Install Wireshark on Linux
--------------------------
To install a relatively new Wireshark version on Ubuntu::
sudo add-apt-repository ppa:wireshark-dev/stable
sudo apt update
sudo apt -y install wireshark
In order to be able to capture packets you need to add yourself to the
``wireshark`` user group, or run the program as root::
sudo wireshark
For details on how to add yourself to the ``wireshark`` user group, see
https://linuxhint.com/install_wireshark_ubuntu/
Wireshark is also available on Windows.

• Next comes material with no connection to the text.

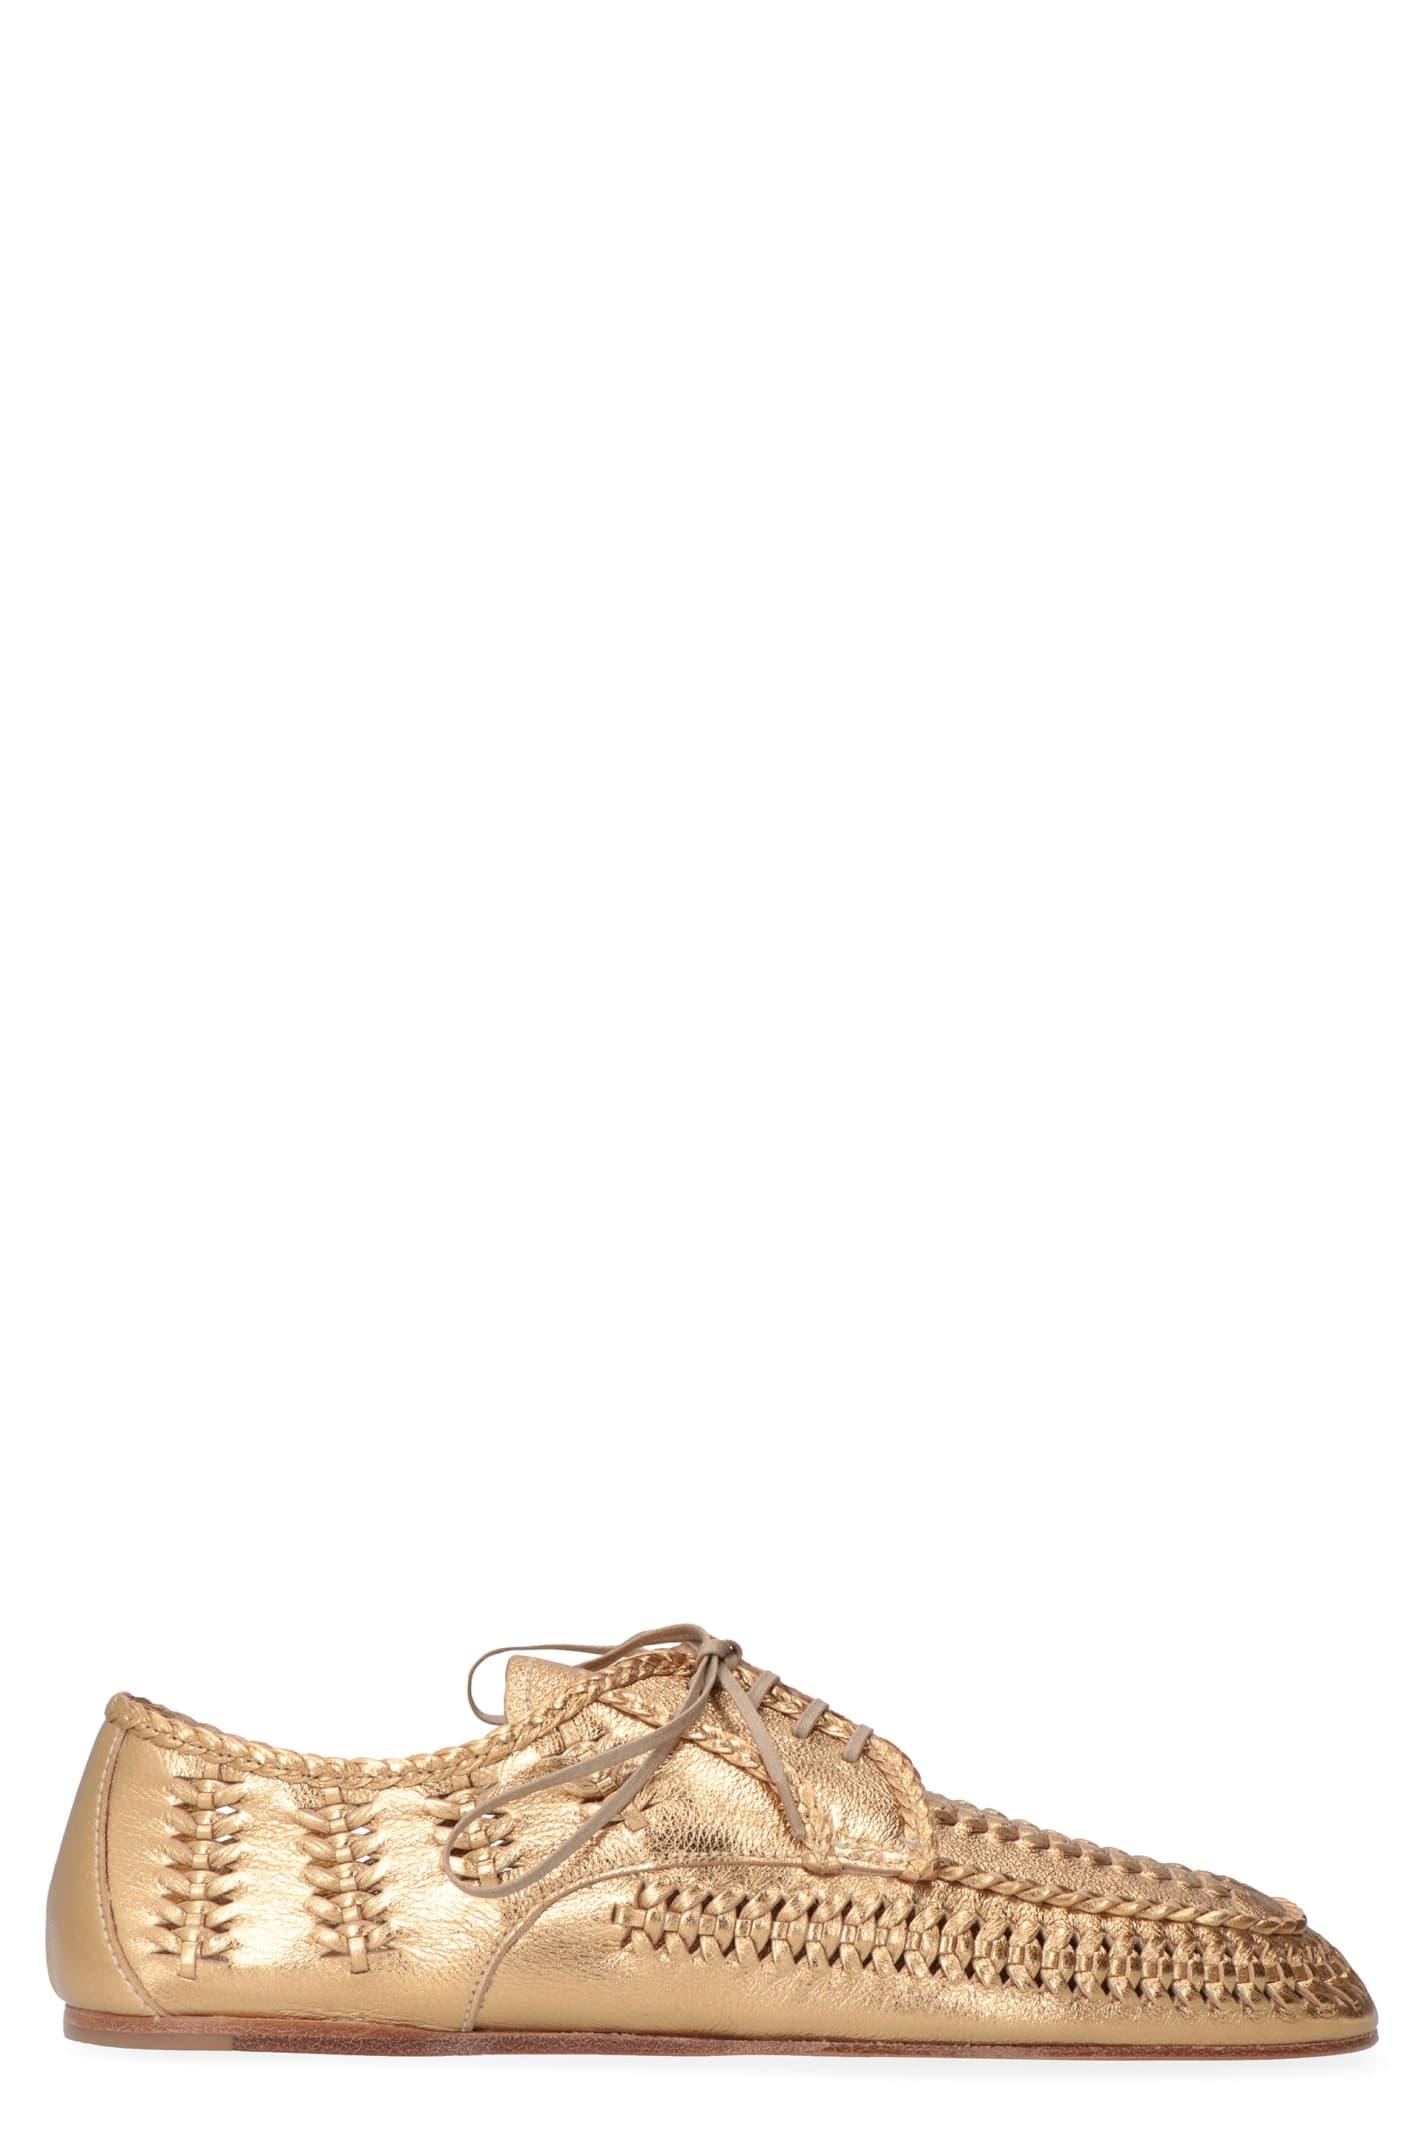 Prada Metallic Leather Lace-up Shoes

Download it from https://www.wireshark.org/
Install Wireshark on Windows
----------------------------
Download Wireshark from https://www.wireshark.org/download.html
Filtering frames in Wireshark based on protocol
-----------------------------------------------
To show only frames with specific protocols, enter this into the "display
filter" text box::
lldp or snmp or pn_dcp or dcerpc or pn_io or syslog
To hide frames with specific protocols::
not (pn_ptcp or arp or mdns or llmnr or ssdp or dhcp or dhcpv6 or icmpv6 or igmp or nbns or browser or ipv6)
+--------------------------+----------------------------------------------------+
| Filter expression | Wireshark protocol names |
+==========================+====================================================+
| arp | ARP |
+--------------------------+----------------------------------------------------+
| epm | EPM |
+--------------------------+----------------------------------------------------+
| lldp | LLDP |
+--------------------------+----------------------------------------------------+
| pn_dcp | PN-DCP |
+--------------------------+----------------------------------------------------+
| pn_io | PNIO and PNIO_PS and PNIO-AL |
+--------------------------+----------------------------------------------------+
| pn_io_controller | PNIO-CM (application ready) |
+--------------------------+----------------------------------------------------+
| pn_io_device | PNIO-CM (connect, read, read implicit, write, |
| | param end, release) |
+--------------------------+----------------------------------------------------+
| dcerpc | PNIO-CM and EPM |
+--------------------------+----------------------------------------------------+
| pn_ptcp | PN-PTCP |
+--------------------------+----------------------------------------------------+
| snmp | SNMP |
+--------------------------+----------------------------------------------------+
| syslog | Syslog |
+--------------------------+----------------------------------------------------+
Filter frames in Wireshark based on frame contents
--------------------------------------------------
To show Profinet read and write commands for a specific index::
pn_io.index == 0x8071
To show Profinet read and write commands for a specific subslot::
pn_io.subslot_nr == 0x8001
To look for a specific OID in SNMP messages::
snmp.name == 1.3.6.1.2.1.1.3.0
Select frames with a specific DCE RPC Activity UUID::
dcerpc.dg_act_id == 38353218-0002-1010-ae64-ac6417366047
Coloring rules in Wireshark
---------------------------
To modify the coloring rules in Wireshark, use the menu View > "Coloring rules".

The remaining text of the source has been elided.